On the chilly morning of St. Valentine’s Day, when their western sisters dig their pretty noses into outrageously expensive bouquets of red roses, dutifully delivered to their city offices by stressed couriers, most Russian women will be lucky to get a card and a chocolate rose from a supermarket.
Valentine’s Day in Russia is a reason to party and celebrate (read: drink and dance till early hours of the morning) but flowers will have to wait until March 8, International Women’s Day, an official public holiday in Russia when men try to be gentlemen and let women relax from home chores.
Probably, the only Russian ladies enjoying courier-delivered roses will be members of online dating services and the flowers will be sent by their overseas boyfriends. I am using the term “boyfriends” loosely here, as most online romances only flourish in cyberspace, with splashes of courier-delivered roses and chocolates being the only real things women might get.
Russia, fresh from Perestroika, opened its borders in the early ’90’s. It meant Russians no longer needed exit visas from the government to leave the country. Straight away, a whole universe of dating services started to offer introductions to beautiful Russian women who wanted to marry western men.

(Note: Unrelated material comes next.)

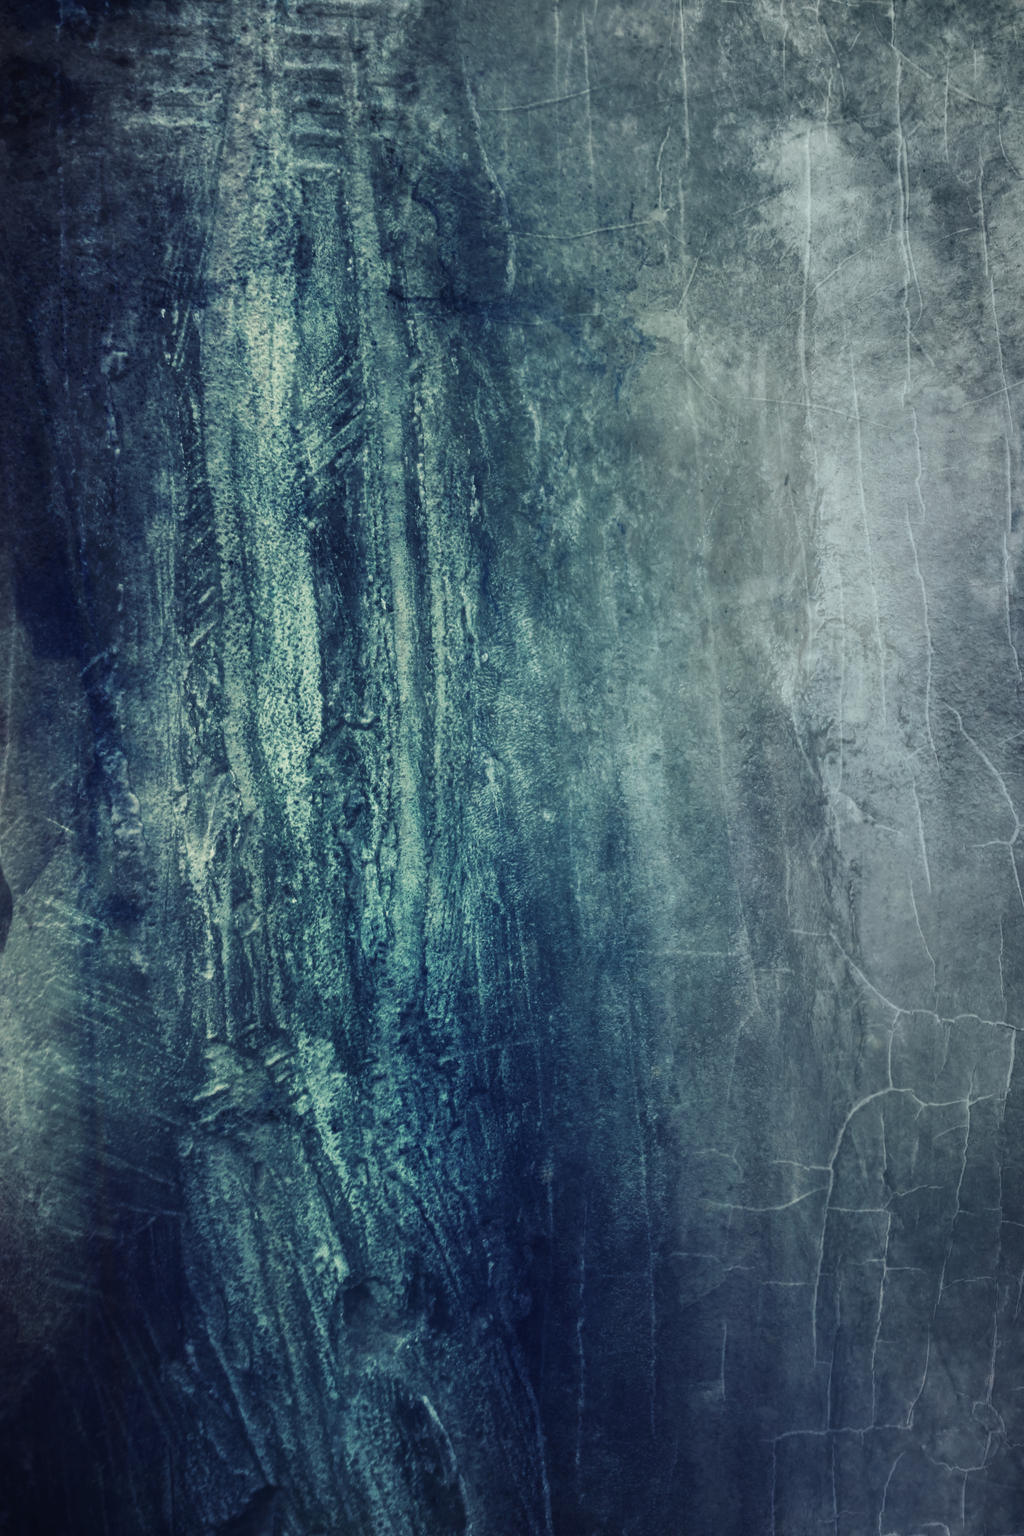 Digital Art Texture 164
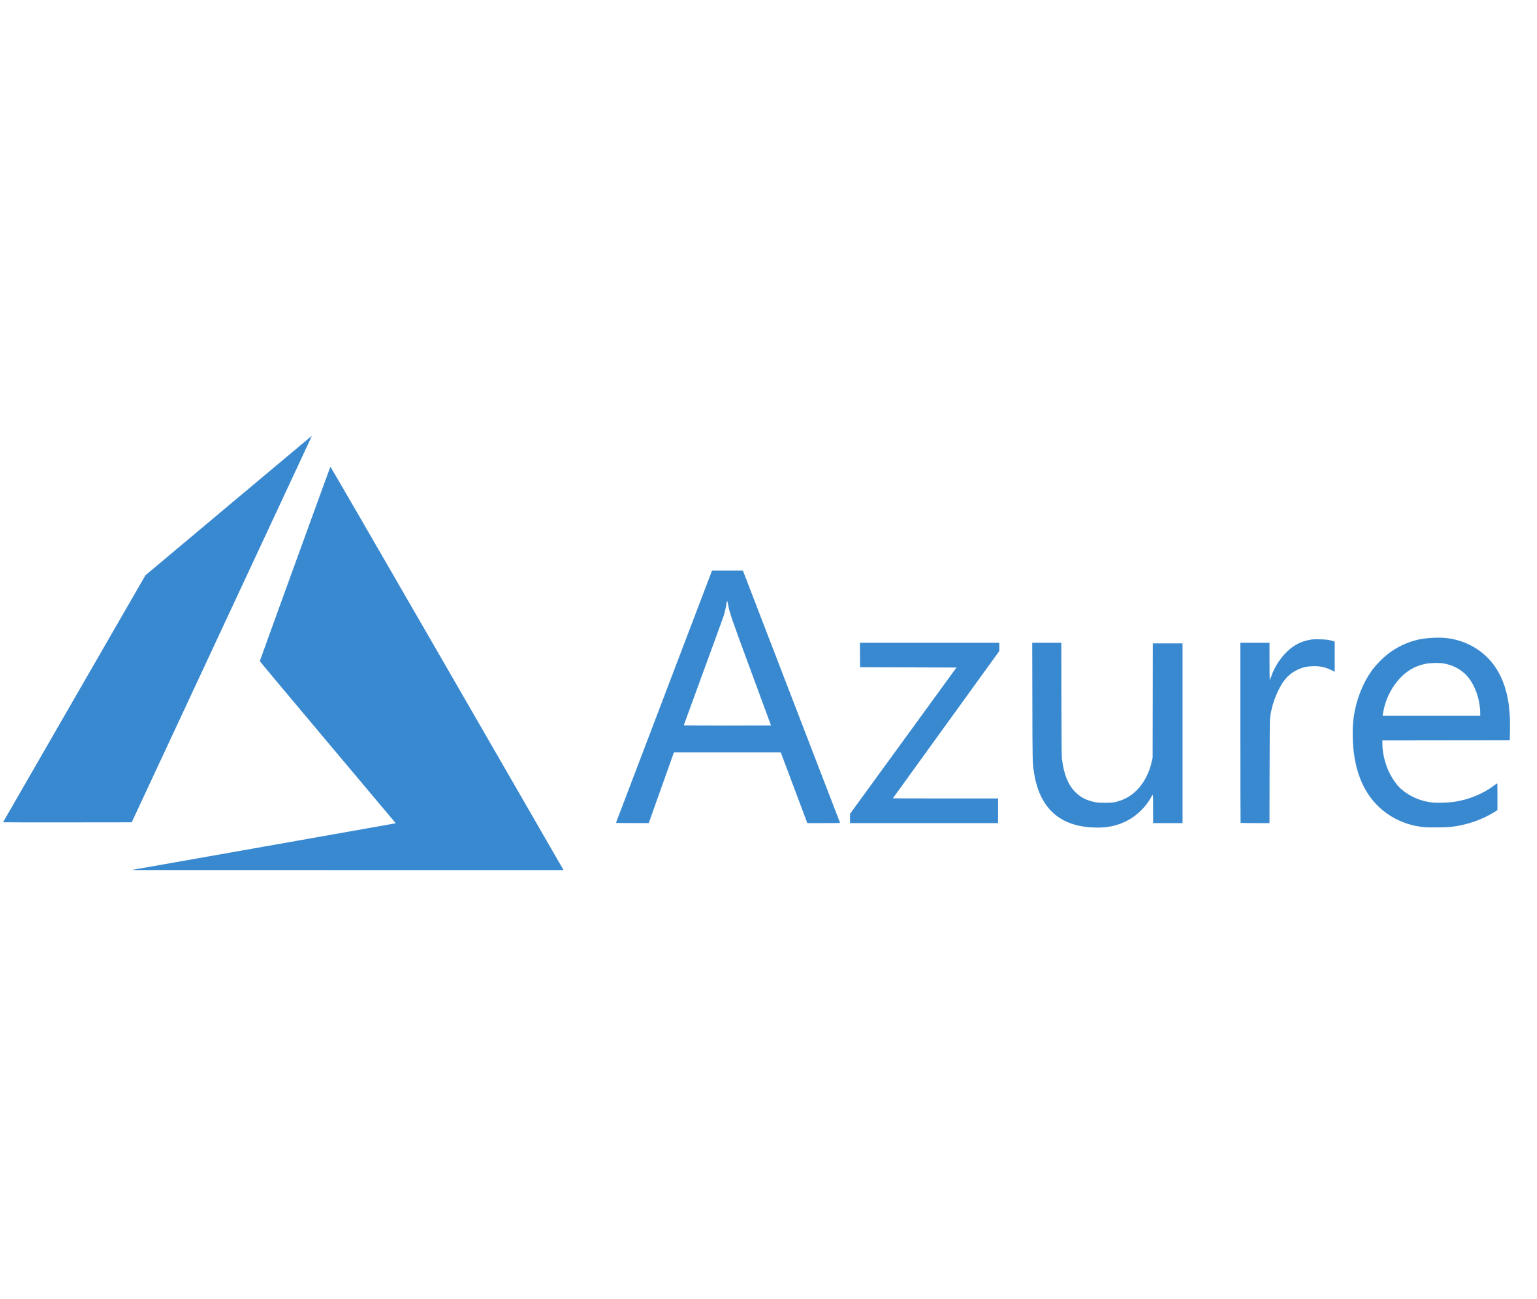 Microsoft azure logo.wine

To an outsider, this might have looked like a way for women from a poor country to find a better life, but in truth what these women really wanted was to find a husband and start a family. Surprisingly enough, given Russia’s history of equal rights for men and women since the Revolution of 1917, Russian family paradigms remained rigidly centered around a man’s role as provider, and a woman’s role as wife and mother, so much so that successful career women feel inadequate if they do not have a husband and kids, and no amount of career success can make them feel good about themselves.